To get an exhaustive list of the configuration categories supported by Ambari you can either export a blueprint from an existing cluster with the same components deployed on it or look at the configuration sections on the UI. Be aware that Ambari may divide a category in several sections. For example, the “core-site” category can be found as “Advanced core-site” and “Custom core-site” on the UI, but is defined as simply “core-site” in a blueprint file.

Also, a good practice is to leave Ambari to handle the resource sizing of your components first and then tune them through the UI.

There is a configuration category though that is not in the UI and is not part of one of the components you want to deploy: cluster-env. This is a special category for Ambari’s own properties and is used by it to know how it should deploy your cluster. If you once deployed a cluster through the UI, you will notice that its properties are the ones found in the “Misc” tab.

So, here’s a part of what the configurations category could contain:

"configurations":[
  {
    "cluster-env":{
      "properties":{
        "ignore_groupsusers_create":"true"
      }
    }
  },
  {
    "core-site":{
      "properties":{
        "fs.defaultFS":"hdfs://mynamespace",
        "ha.zookeeper.quorum":"%HOSTGROUP::zk_node%:2181",
        "ipc.maximum.data.length":"134217728"
      }
    }
  },
  {
    "hadoop-env":{
      "properties":{
        "hdfs_log_dir_prefix":"/path/to/logs/hadoop"
      }
    }
  }
]

In the previous example, you can see a value called %HOSTGROUP::zk_node%. This is a variable that will be replaced by all hostnames mapped with the host group zk_node.

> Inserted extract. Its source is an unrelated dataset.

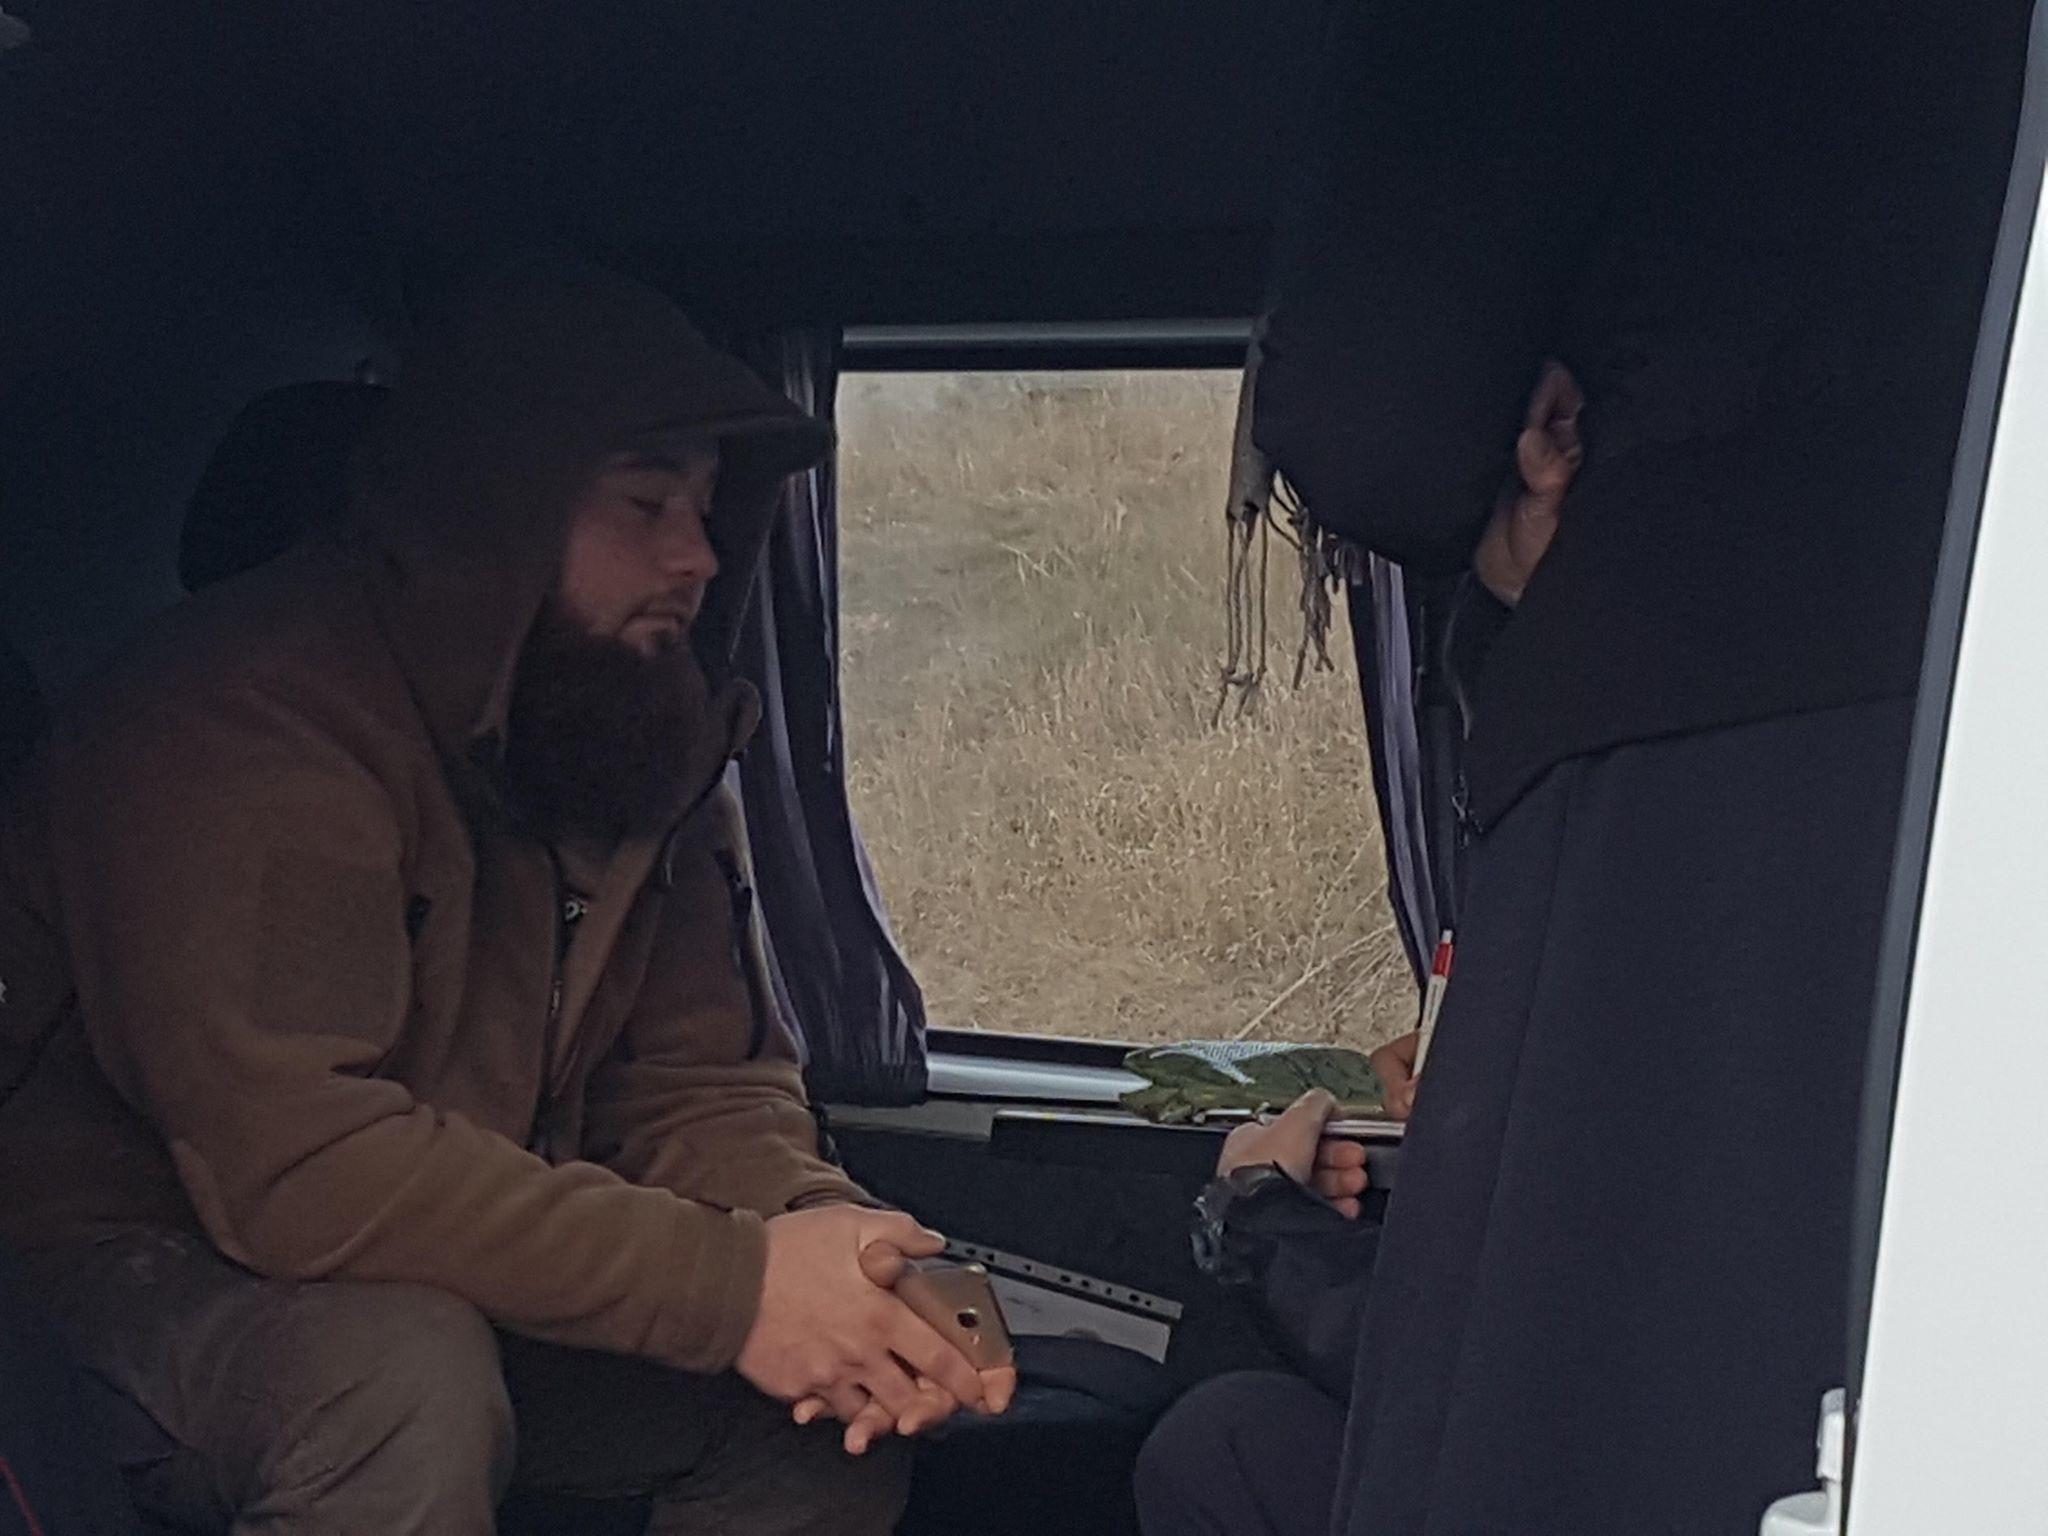 Крим, затримання, кримський татарин, активіст, Руслан Белялов_1

Be cautious though when using it, as the conversion is not yet supported on all properties.

Properties that are known to handle the %HOSTGROUP::hg_name% conversion:

core-site:
- ha.zookeeper.quorum
hdfs-site:
- dfs.namenode.http-address
- dfs.namenode.http-address.mynamespace.nn1
- dfs.namenode.http-address.mynamespace.nn2
- dfs.namenode.https-address
- dfs.namenode.https-address.mynamespace.nn1
- dfs.namenode.https-address.mynamespace.nn2
- dfs.namenode.rpc-address.mynamespace.nn1
- dfs.namenode.rpc-address.mynamespace.nn2
- dfs.namenode.shared.edits.dir
yarn-site:
- hadoop.registry.zk.quorum
- yarn.log.server.url
- yarn.resourcemanager.address
- yarn.resourcemanager.admin.address
- yarn.resourcemanager.hostname
- yarn.resourcemanager.resource-tracker.address
- yarn.resourcemanager.scheduler.address
- yarn.resourcemanager.webapp.address
- yarn.resourcemanager.webapp.https.address
- yarn.resourcemanager.zk-address
- yarn.resourcemanager.hostname.rm1
- yarn.resourcemanager.hostname.rm2
- yarn.timeline-service.address
- yarn.timeline-service.webapp.address
- yarn.timeline-service.webapp.https.address
admin-properties:
- policymgr_external_url
ranger-kafka-plugin-properties:
- zookeeper.connect
hbase-site:
- hbase.zookeeper.quorum
application-properties:
- atlas.audit.hbase.zookeeper.quorum
- atlas.graph.index.search.solr.zookeeper-url
- atlas.graph.storage.hostname
- atlas.kafka.bootstrap.servers
- atlas.kafka.zookeeper.connect
oozie-site:
- oozie.base.url
- oozie.zookeeper.connection.string
oozie-env:
- oozie_hostname
kafka-broker:
- zookeeper.connect
storm-site:
- storm.zookeeper.servers
hive-site:
- hive.zookeeper.quorum
- hive.metastore.uris
hive-interactive-site:
- hive.llap.zk.sm.connectionString

When not supported and you are required by the property to set actual hostnames, define it in the cluster.json file instead (see section “File structure - cluster.json” below).

File structure - cluster.json

While the blueprint.json file represents the template of your cluster deployment, the cluster.json file is the instantiation of your deployment. This means that it is specific to one cluster, and has hard defined values in it.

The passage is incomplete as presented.